Audit Portfolios Complete

Four complete audit portfolios: comprehensive audit, model/docs/maintainability, test validity and proof gaps, and test/CI and kernel hardening. All findings closed.

Critical Audit Remediation Complete

Intrusive dual-queue IPC with message transfer verification. Untyped memory retype with watermark tracking. Information-flow completeness — 7-field ObservableState projection. Proof gap closure across all operations.

Performance Optimization Complete

Migrated all hot paths to O(1) hash-based structures. 14 performance audit findings eliminated. Typed identifier Hashable instances, object store HashMap, ASID resolution table, RunQueue restructure, CNode slot HashMap, VSpace mapping HashMap, IPC dual-queue + notification, graph traversal optimization, and information-flow projection optimization. 400+ theorems re-verified.

Rust Syscall Wrappers Complete

Three no_std Rust crates (sele4n-types, sele4n-abi, sele4n-sys) providing safe wrappers around all 25 syscalls including notification, compound IPC, scheduling contexts, and TCB management. Phantom-typed capabilities, ARM64 register ABI layer, W^X enforcement, IPC buffer overflow handling. Single unsafe block isolated to the svc #0 trap instruction.

Build → Freeze → Execute Pipeline Complete

Implemented the Build → Freeze → Execute pipeline with 18 commutativity theorems proving frozen-phase semantic equivalence. FrozenOps subsystem with typed lookups, value-only mutations, and queue operations — all with isolation and preservation proofs.
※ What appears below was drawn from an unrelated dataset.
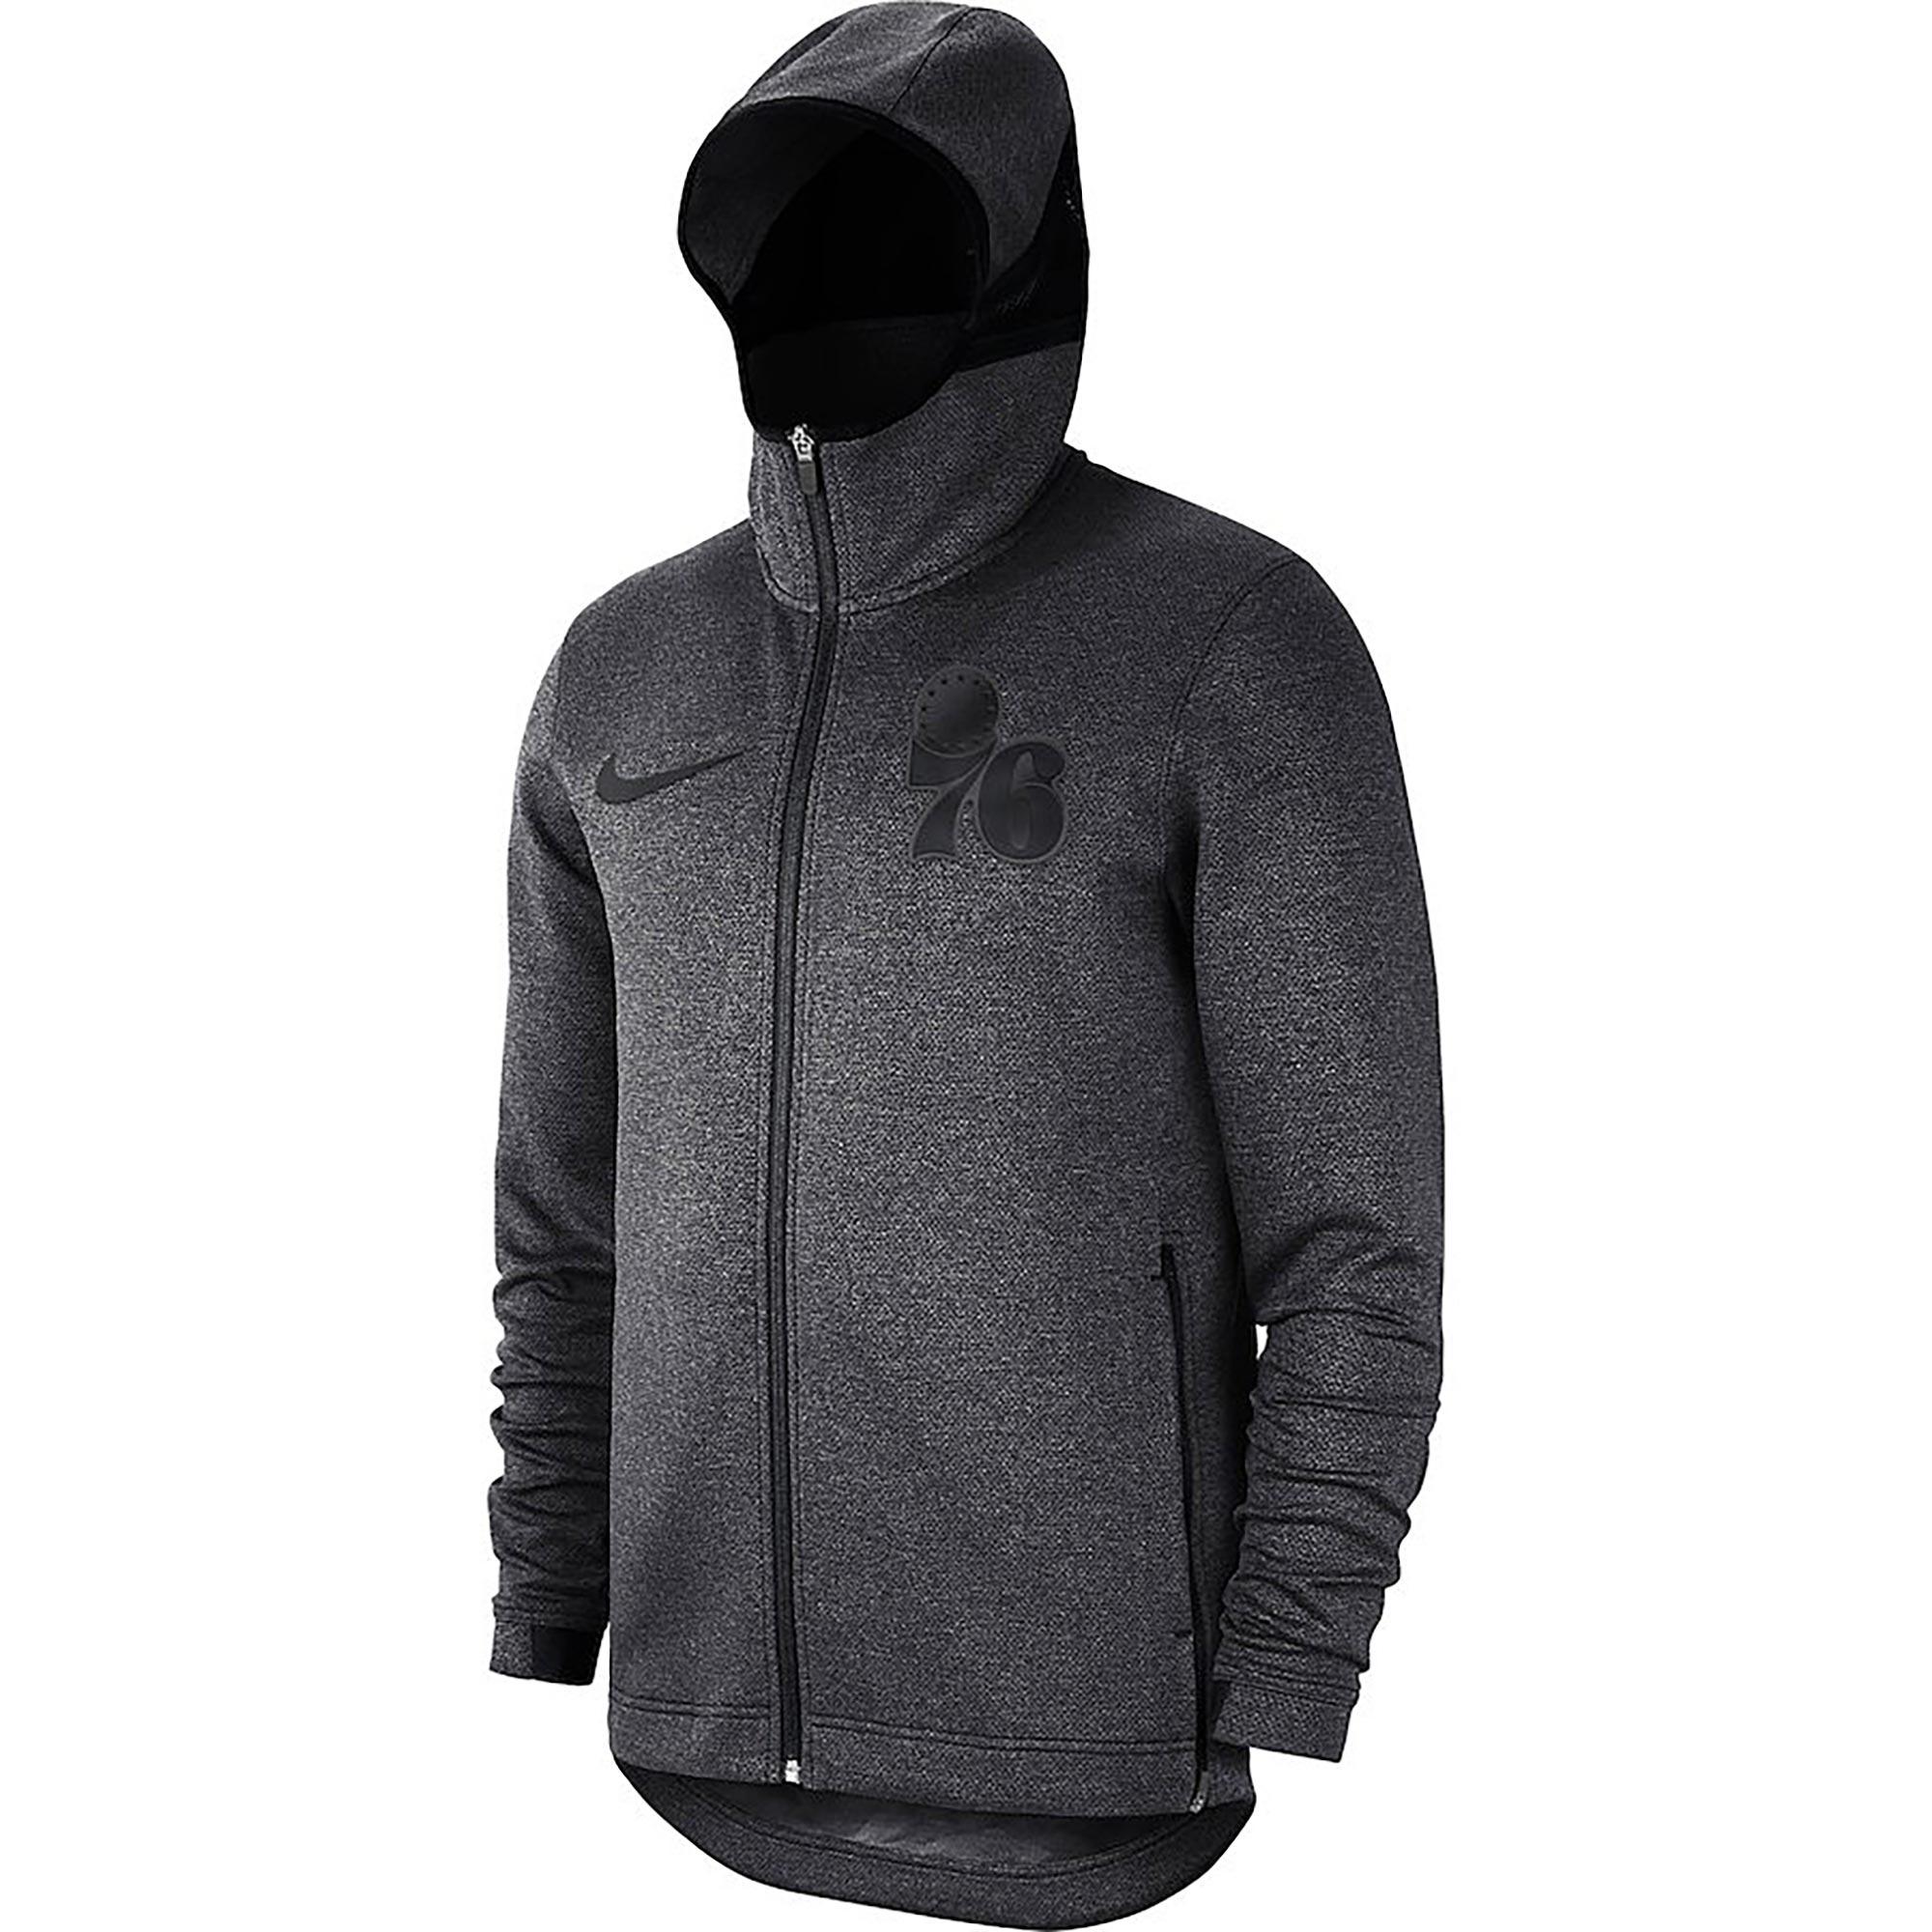 Outerstuff EMEA Ltd / Philadelphia 76ers Nike Showtime Therma Flex Hoodie - Youth

Syscall Surface Expansion Complete

Expanded from 14 to 25 syscalls: added notification (Signal/Wait), compound IPC (ReplyRecv), scheduling context (Configure/Bind/Unbind), and TCB management (Suspend/Resume/SetPriority/SetMCPriority/SetIPCBuffer). Unified syscallEntry / syscallEntryChecked dispatch path with capability-gated routing. Rust ABI hardening with 25-variant SyscallId enum.

Refinement In Progress

Model fidelity — badge bitmask, per-thread registers, multi-level CSpace.
Invariant quality — tautology reclassification, adapter proof hooks.
Testing expansion — oracle, probe, and fixture coverage.
Cleanup — dead code removal, legacy/dual-queue resolution.
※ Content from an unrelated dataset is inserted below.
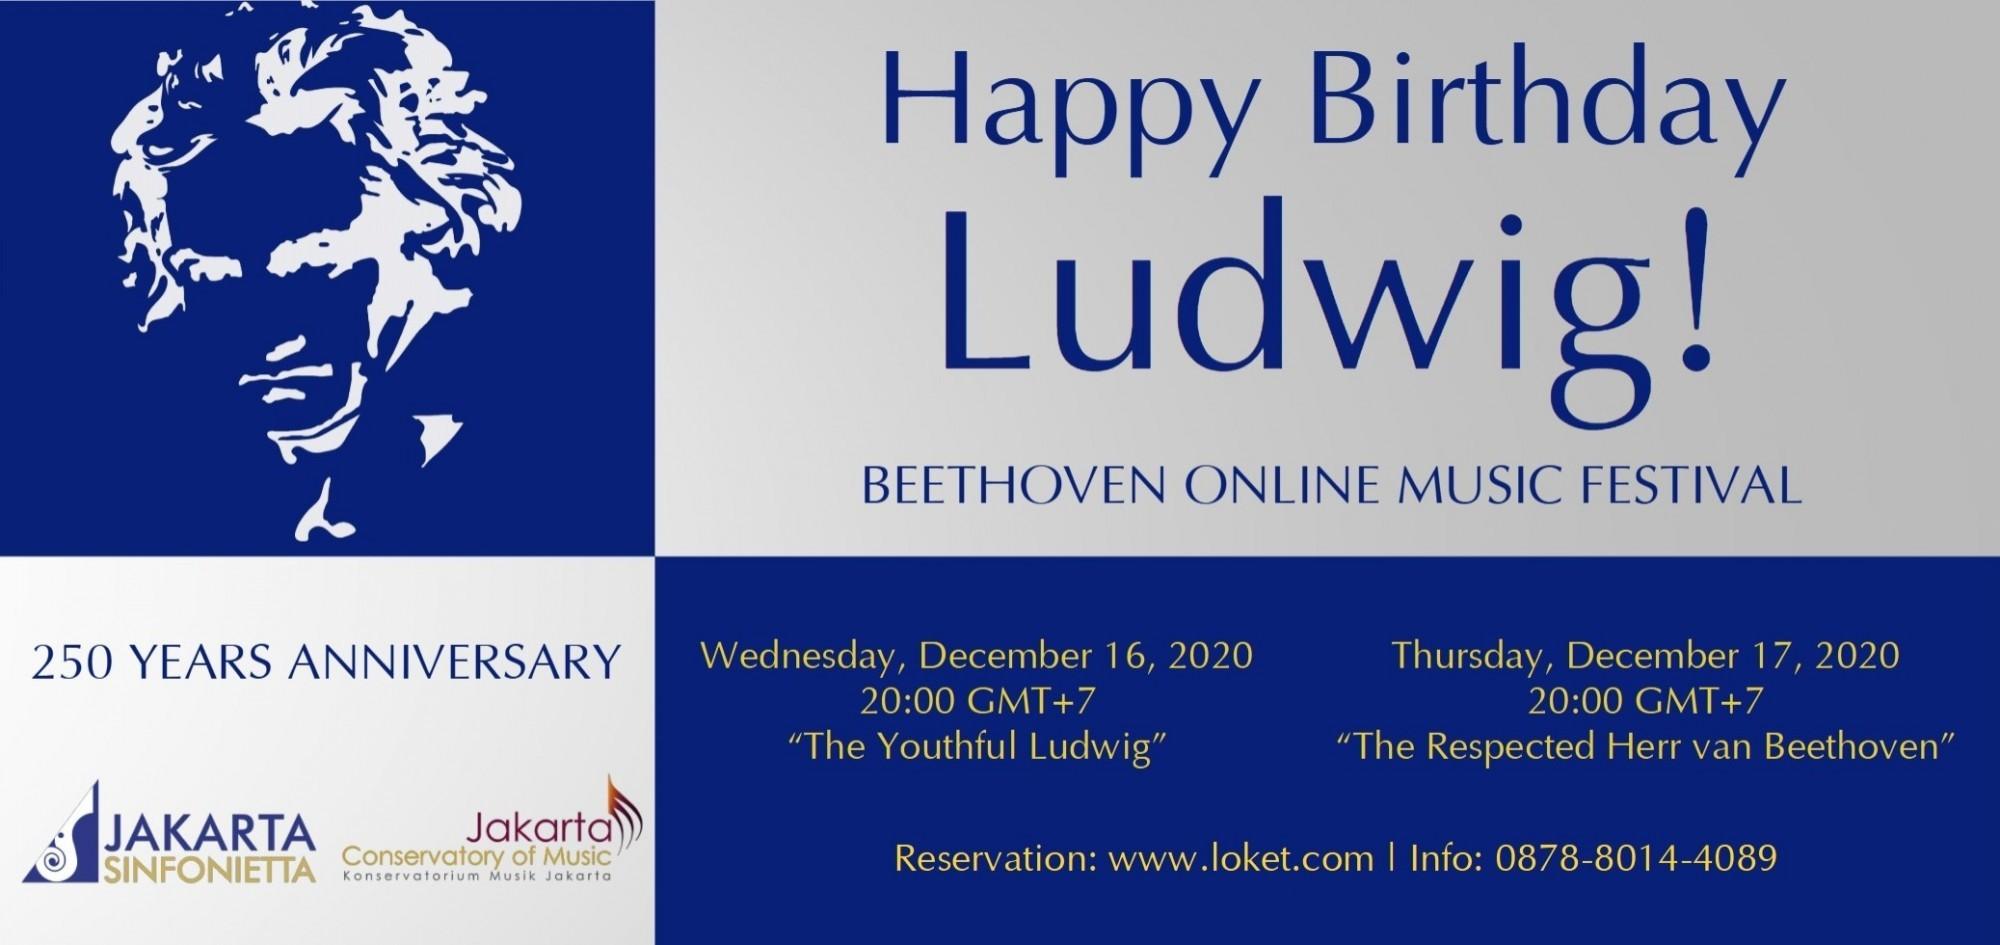 Happy Birthday Ludwig! 16 December 2020

H3: Raspberry Pi 5 Platform Binding Upcoming

Structural foundation is in place: PlatformBinding typeclass, MachineConfig, VSpaceBackend, RPi5 stubs with BCM2712 memory map and GIC-400 constants. 48-bit VA / 44-bit PA address space. Blocked on refinement phase closure.

H4 & IF-M5: Evidence Convergence Planned

Proof-to-platform convergence. Map model observability assumptions to RPi5 adapter obligations. Document unresolved security debt for side-channel follow-up.